In the long term, compute is probably going to move towards the memory.

zozbot234 11 hours ago [ - ]

The main blocker with swapping is not even the limited bandwidth, it's actually the extreme write workload on data elements such as the per-layer model activations - and, to a much lesser extent, the KV-cache. In contrast, there are elements such as inactive experts for highly sparse MoE models, where swapping makes sense since any given expert will probably be unused. You're better off using that VRAM/RAM for something else. So the logic of "reserve VRAM for the highest-value uses, use system RAM as a second tier, finally use storage as a last resort or for read-only data" is still quite valid.

rnrn 4 hours ago [ - ]

How do get the weights for the right set of experts for a given batch of tokens into fast memory at the right time?

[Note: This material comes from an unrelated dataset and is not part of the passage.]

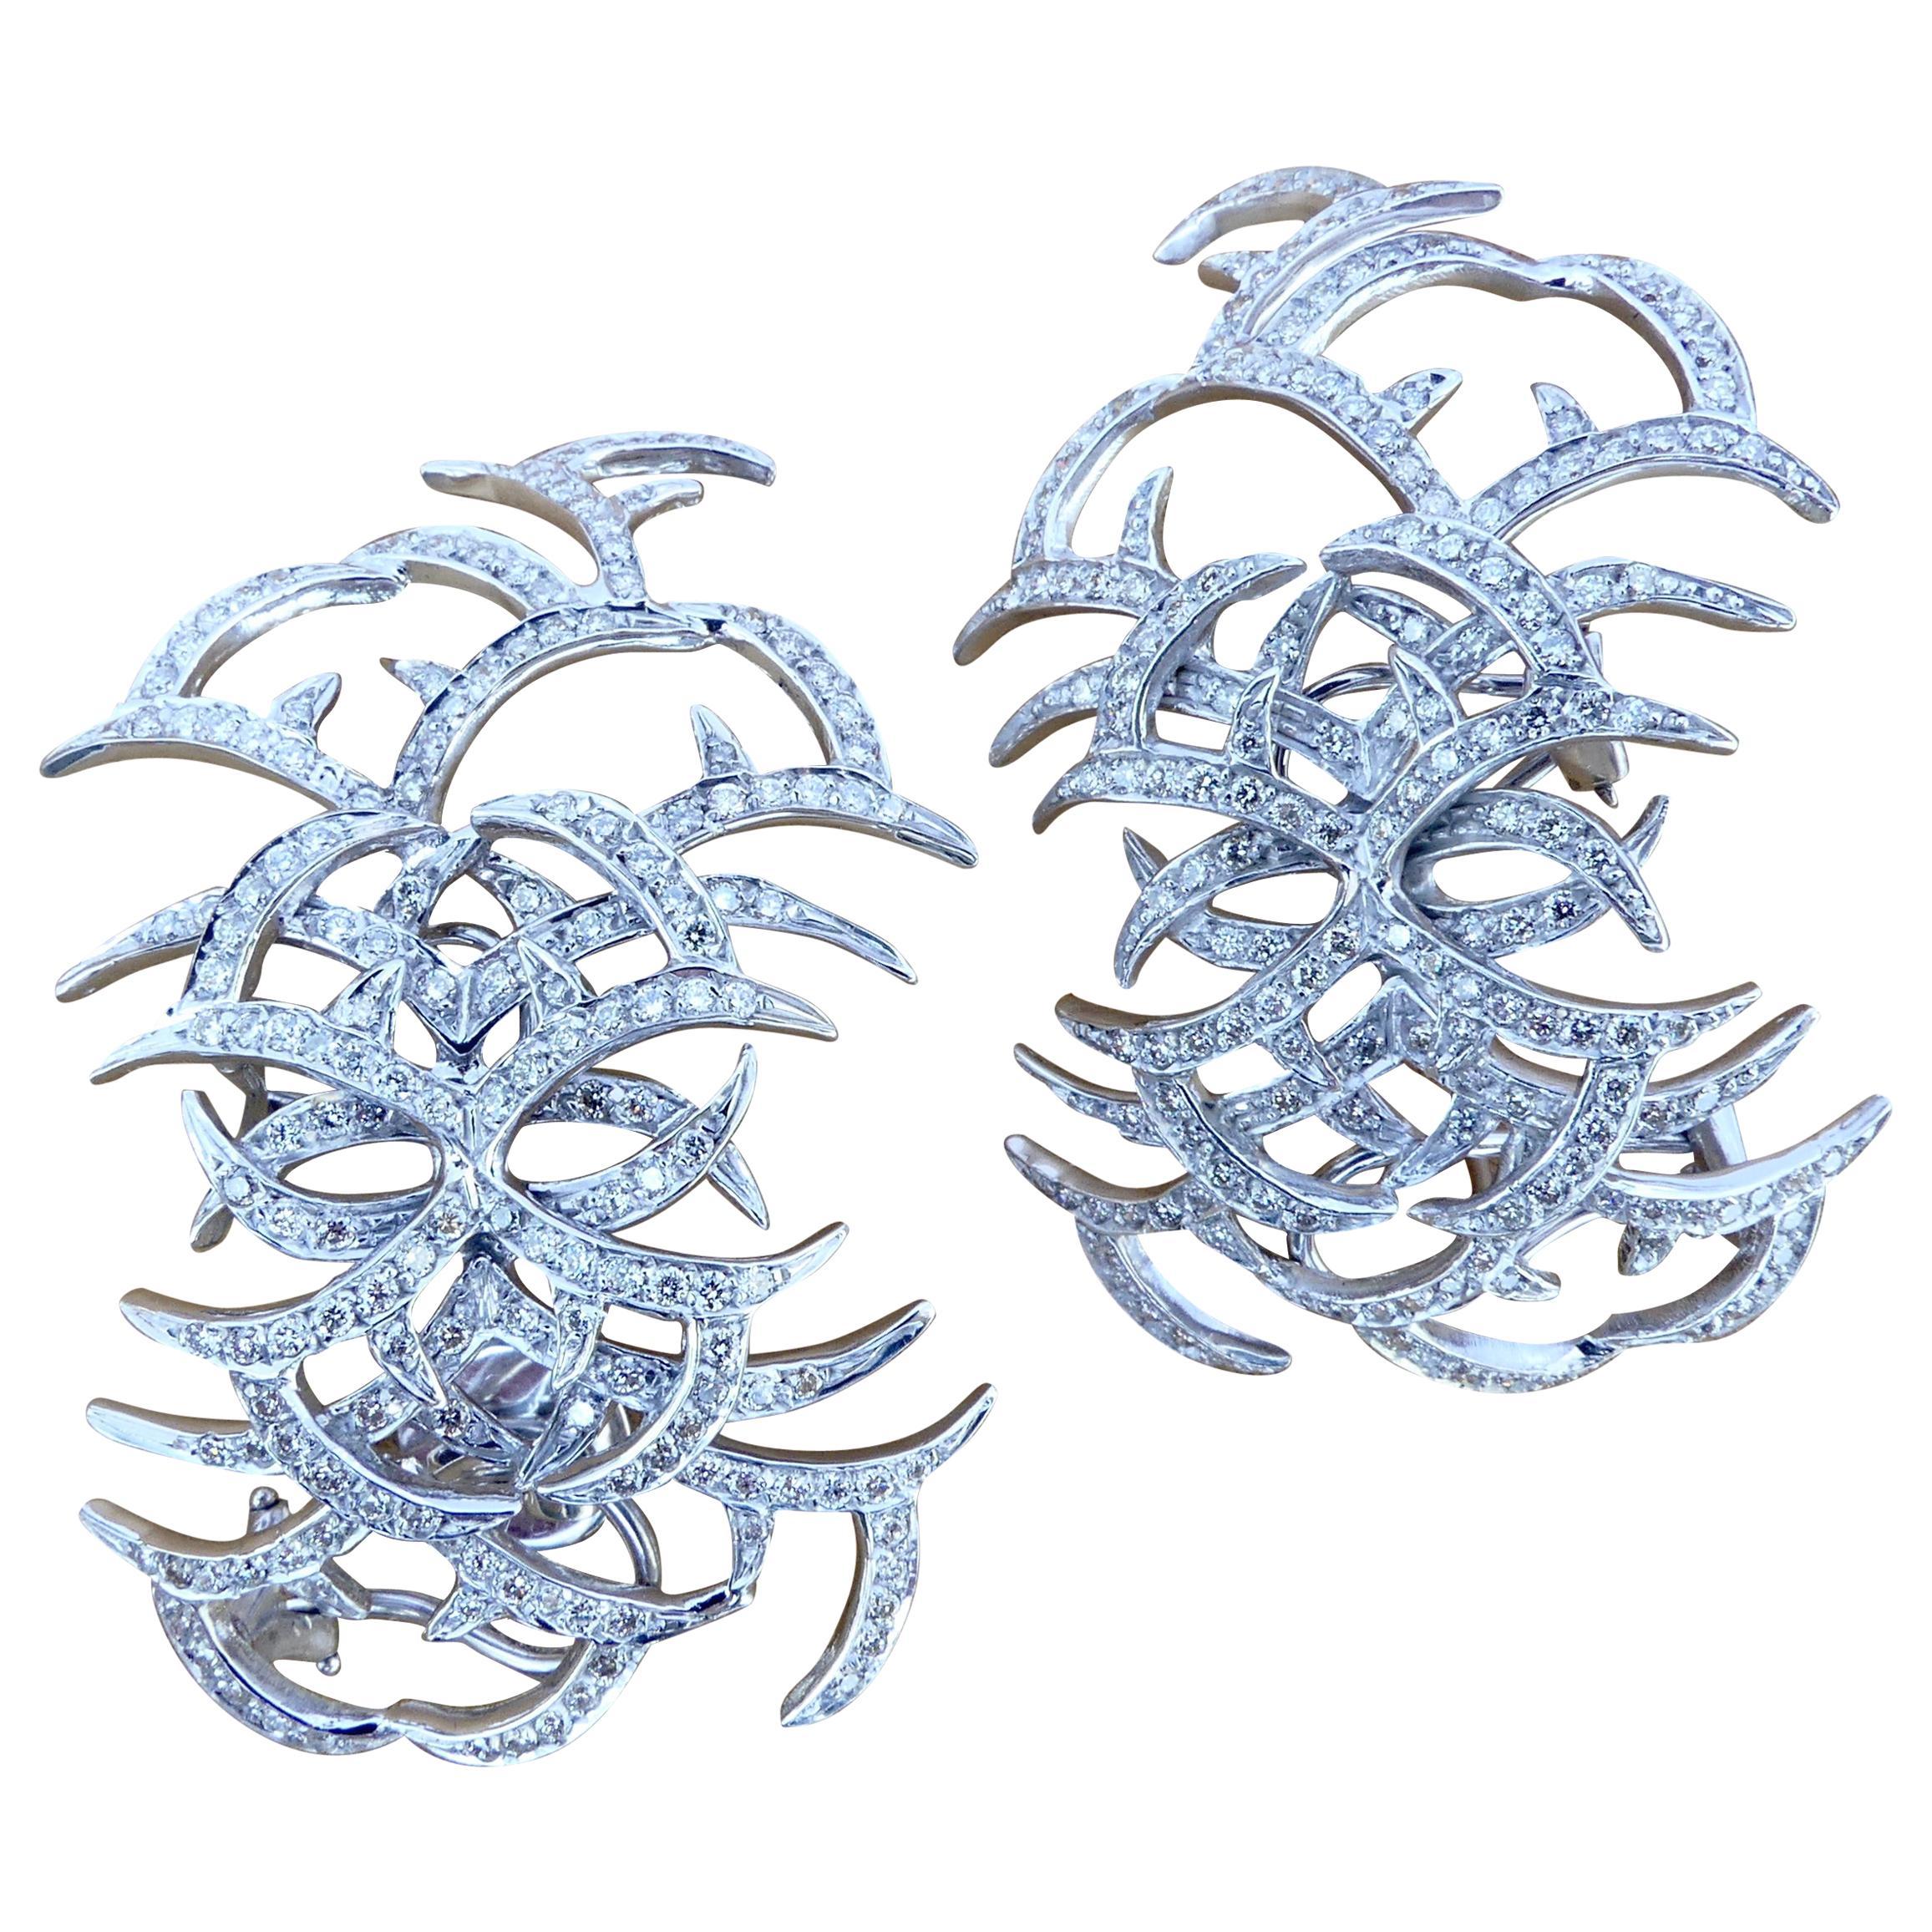 Ana Khouri Arachnid Diamond Earrings, 2013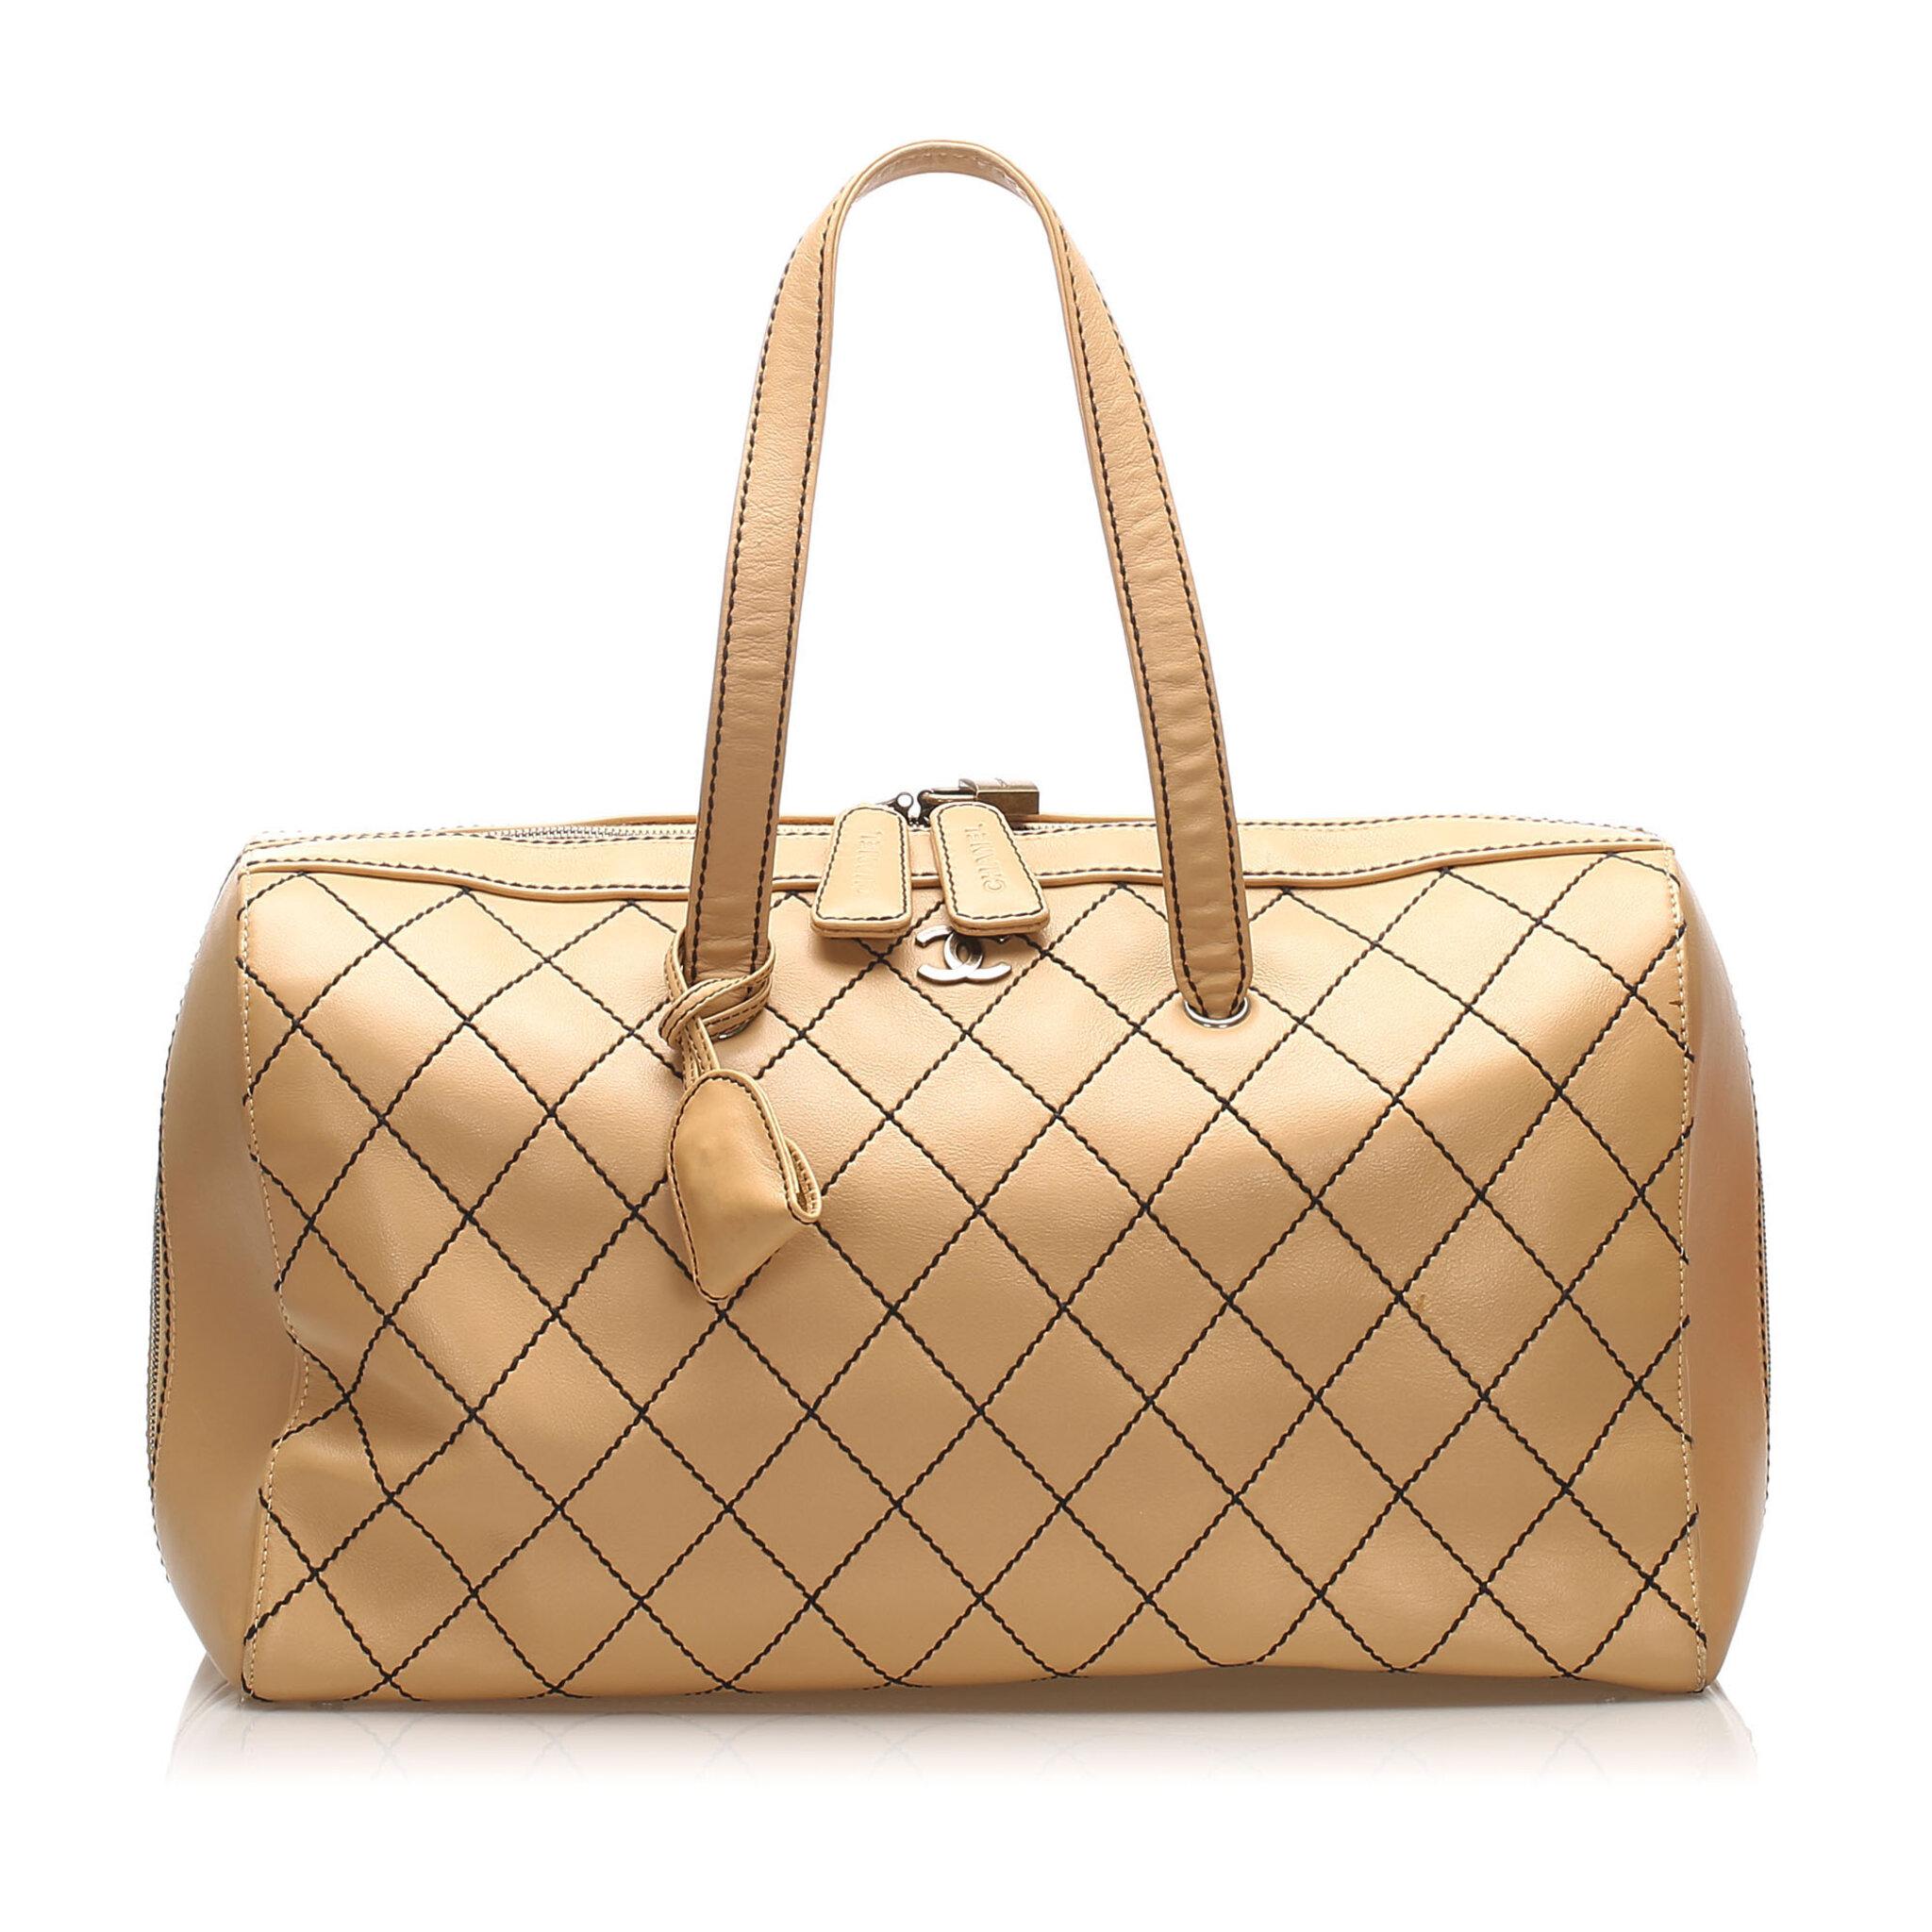 Chanel Cc Wild Stitch Leather Travel Bag

The activated experts is only available after routing, at which point you need the weights immediately and will have very poor performance if they are across PCIe

zozbot234 4 hours ago [ - ]

Once your model is large enough you'll have to eat the offload cost for something, and it might as well be something where most of that VRAM footprint isn't even used. For current models, inactive experts arguably fit that description best. Of course, it may be the case that shifting that part of the graph to CPU compute is a better deal than paying the CPU-to-GPU cost for the active weights and computing on GPU; that's how llama.cpp does it.